Danish botanists are trying a novel method to save the struggling marine habitat in Vejle Fjord.


Under a white tent on the shores of a polluted Danish fjord, volunteers and researchers prepare slender green shoots of eelgrass to be planted on the seabed to help restore the site's damaged ecosystem.

Denmark generally has a strong track record on environmental issues, but only five of its 109 coastal zones are considered healthy, according to the Danish Environmental Agency.

Like other coastal areas in Denmark, the Vejle Fjord is suffering from eutrophication -- a process in which nutrients, often from land run-off, accumulate in a body of water and lead to increased growth of microorganisms and algae.

The algae cover water surfaces, blocking light and cutting off oxygen, killing plants and wildlife.
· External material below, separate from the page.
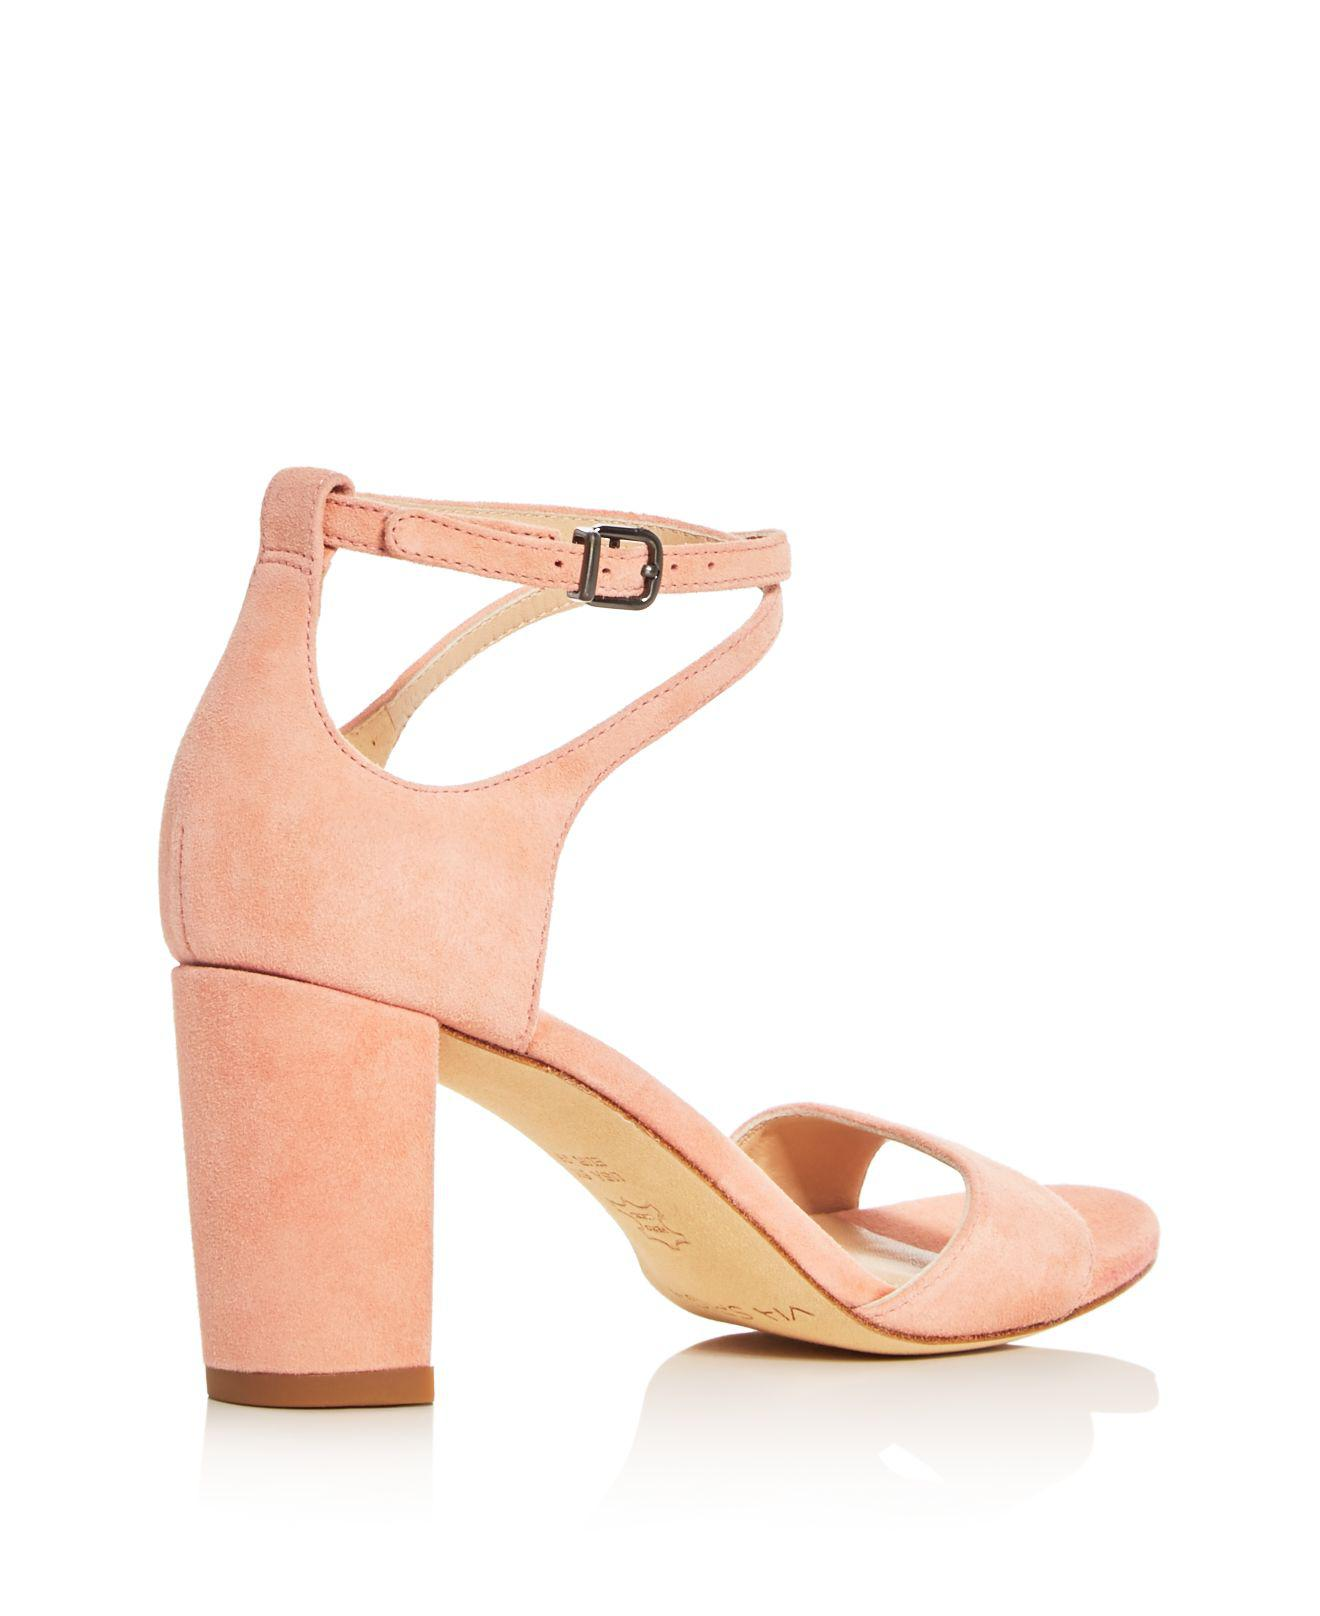 60123f1ebeb Lyst - Via Spiga Wendi Crisscross Ankle Strap High Heel Sandals

An underwater surveillance camera installed in the Vejle fjord by the municipality last year detected just one fish in 70 hours.

- 'Completely collapsed' -

In Denmark, a major pork producer, more than 60 percent of the country's land is used for agriculture -- one of the highest concentrations in the world -- sparking frequent warnings in recent years about the risk of run-off.

A 2022 report by the University of Southern Denmark (USD) concluded the 22-kilometre (14-mile) Vejle Fjord was in "poor environmental condition" because of high levels of nitrogen run-off from fertiliser use on farms.

And when the mercury rises, so does the problem.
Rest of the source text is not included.